Inventario
Filatura e Tessitura di Tollegno
Note storiche e archivistiche
N.B. L’archivio è in fase di schedatura dal 2010, attualmente sono stati schedati 600 metri lineari, ma ne restano da schedare ancora 500 o forse più, pertanto non è ancora consultabile.
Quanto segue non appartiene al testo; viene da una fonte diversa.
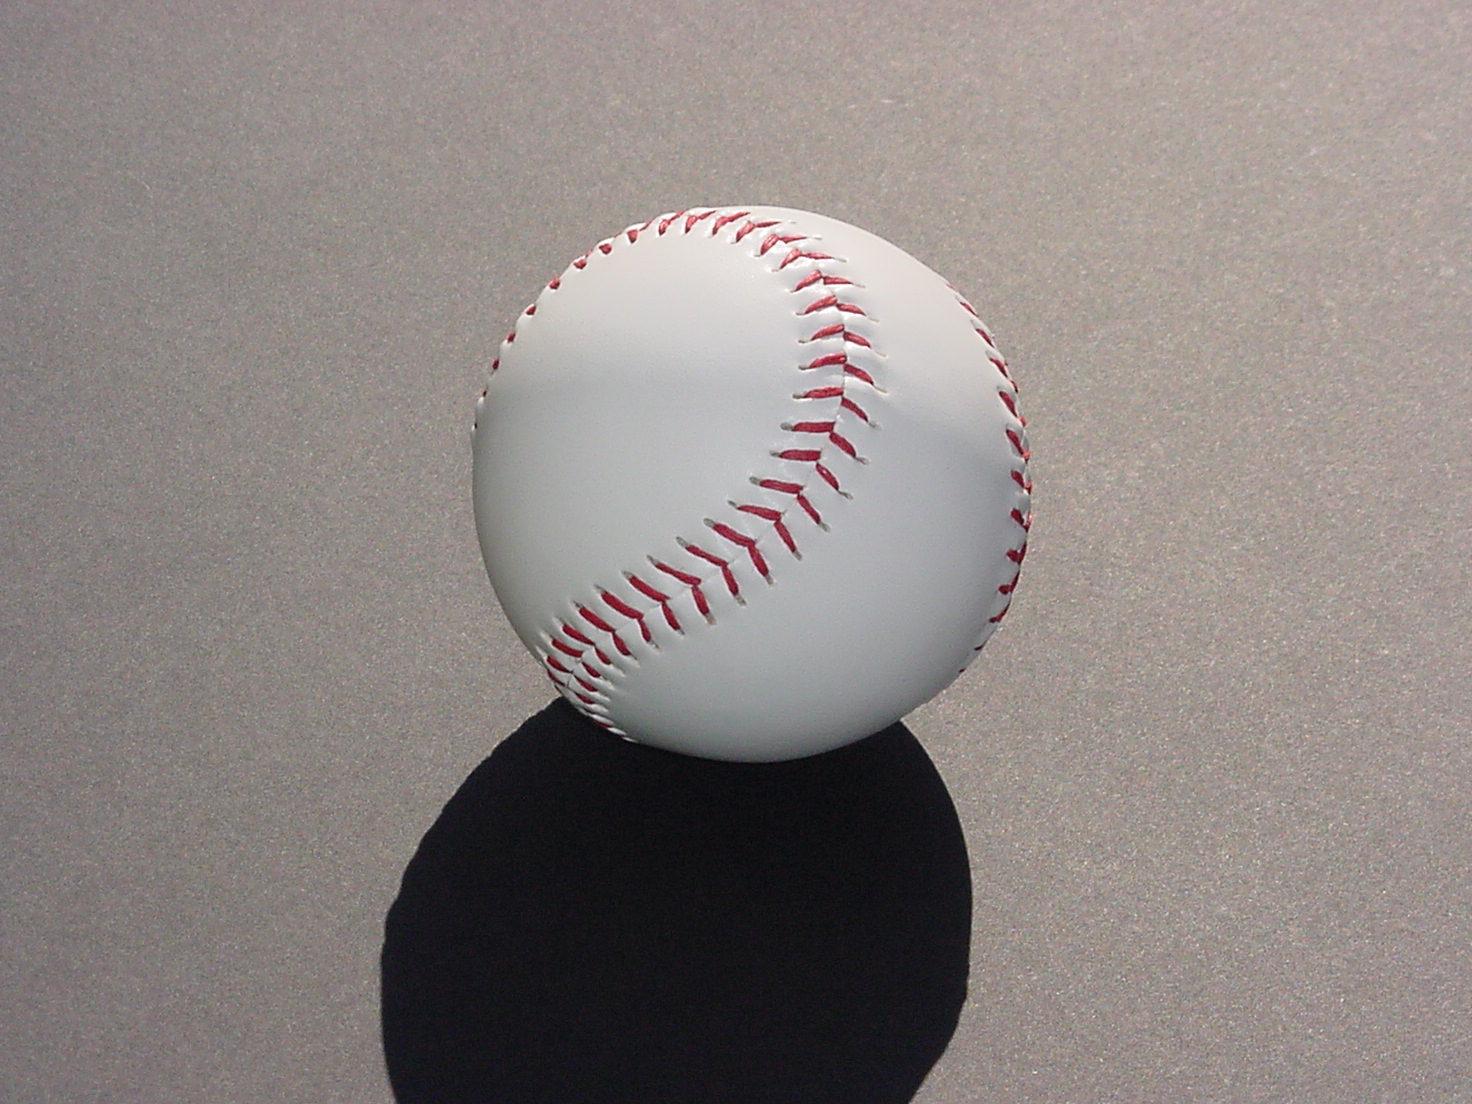 A softball sits on a parking lot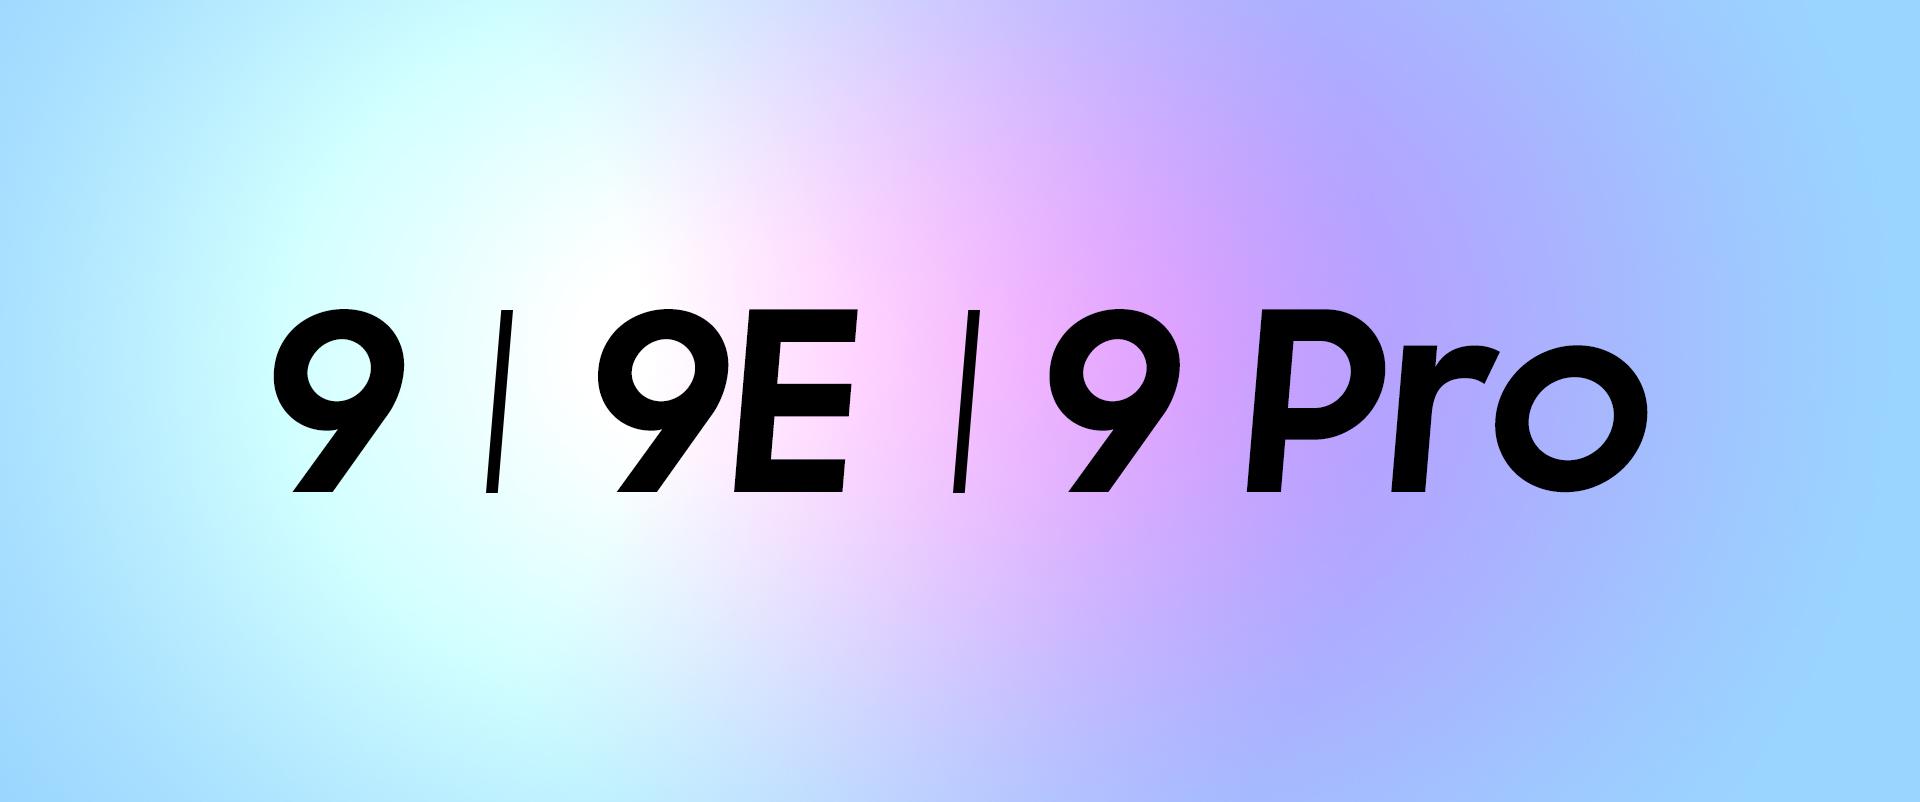 OnePlus 9E

Nel 1900, in aprile, fu stilato presso la sede della Banca Gaudenzio Sella e C. l’atto di costituzione della Società Anonima Filatura di Tollegno e nel 1908 gli operai della Filatura di Tollegno erano più di 600 quasi decuplicando la loro consistenza dall’anno di fondazione. Fu sempre nel 1908 che nacque il marchio Lana Gatto raffigurante la testa di un gatto bianco, a pelo lungo, con gli occhi verdi. Nel 1913 si aggiunse la pettinatura e nel 1917 si ampliarono gli edifici: gli operai superarono il numero di 1700. Da quel momento si aprì una fase di grande floridezza e i prodotti della Tollegno erano additati ovunque come esempio di estrema qualità e perfezione.
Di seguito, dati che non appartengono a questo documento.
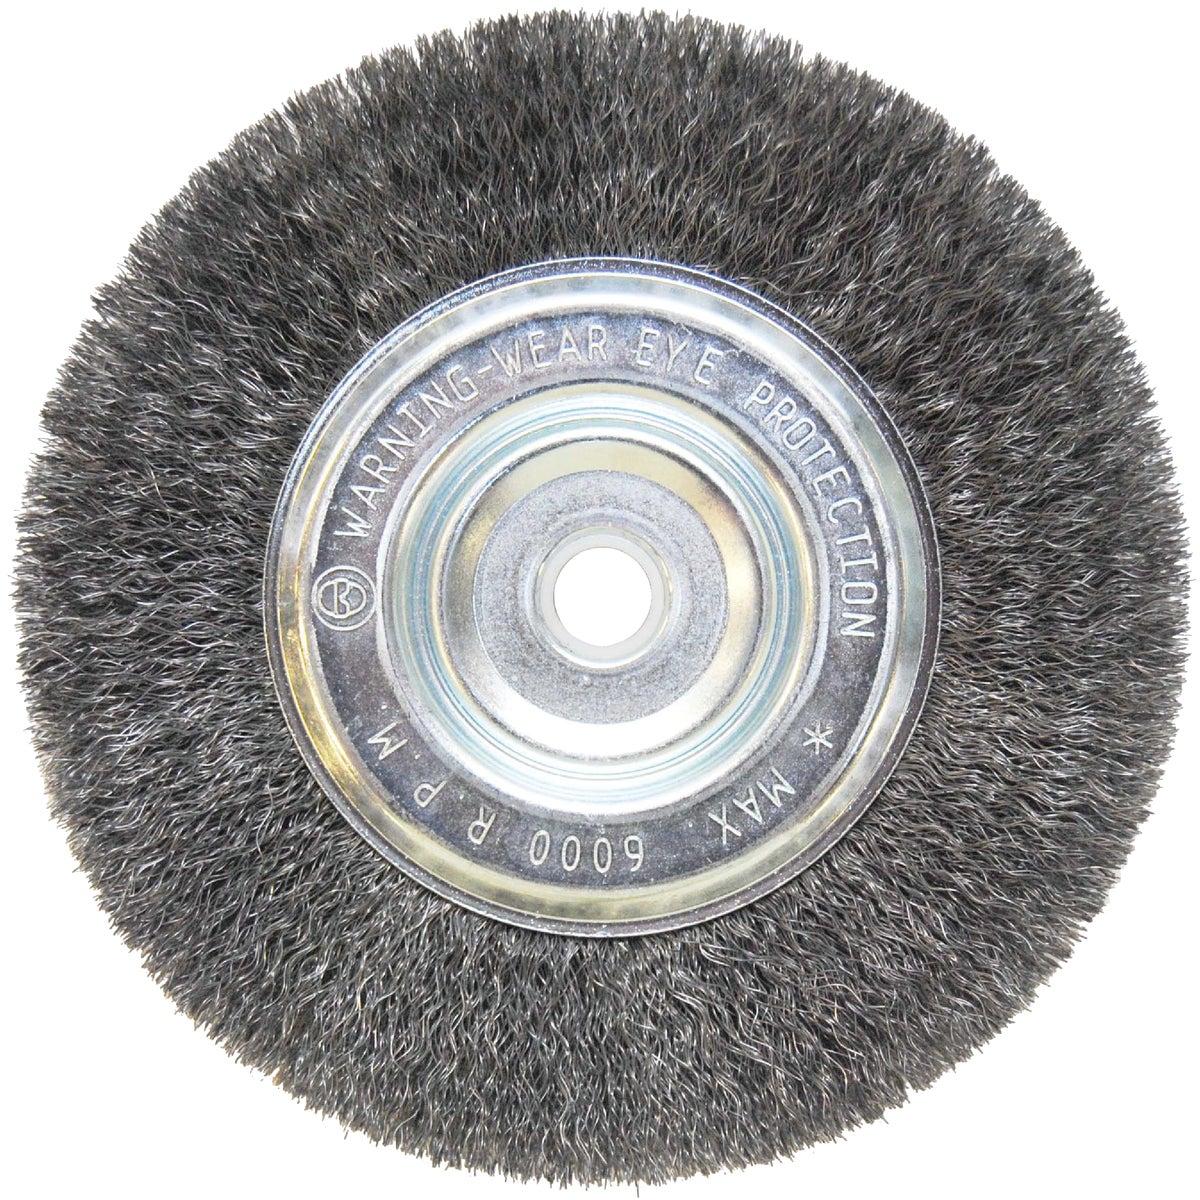 Weiler Brush 6

Vennero poi gli anni oscuri e tragici della guerra.
Con il ritorno alla pace, l’industria laniera biellese ebbe la grande fortuna di ritrovarsi con le fabbriche pressoché intatte; alla fine del 1945 ricominciò ad arrivare allo stabilimento di Tollegno la lana australiana, finissima, bianca, da lavorare in cambio di una certa quantità di materia prima. Da questa, e da altre commesse analoghe, ripartì l’attività dell’azienda. Venne quindi il miracolo economico e per la Filatura di Tollegno fu di nuovo un’epoca di splendore.
Nel 1946 incorporò la S.A. Agostinetti & Ferrua nata nel 1862 come Lanificio Rosazza, Agostinetti e Ferrua in un edificio architettonicamente inglese“a ferro di cavallo”, dove oggi ha sede il Lanificio di Tollegno.
In seguito all’acquisizione l’azienda assunsel’attuale denominazione di Filatura e Tessitura di Tollegno e il numero dei dipendenti salì a più di 2000.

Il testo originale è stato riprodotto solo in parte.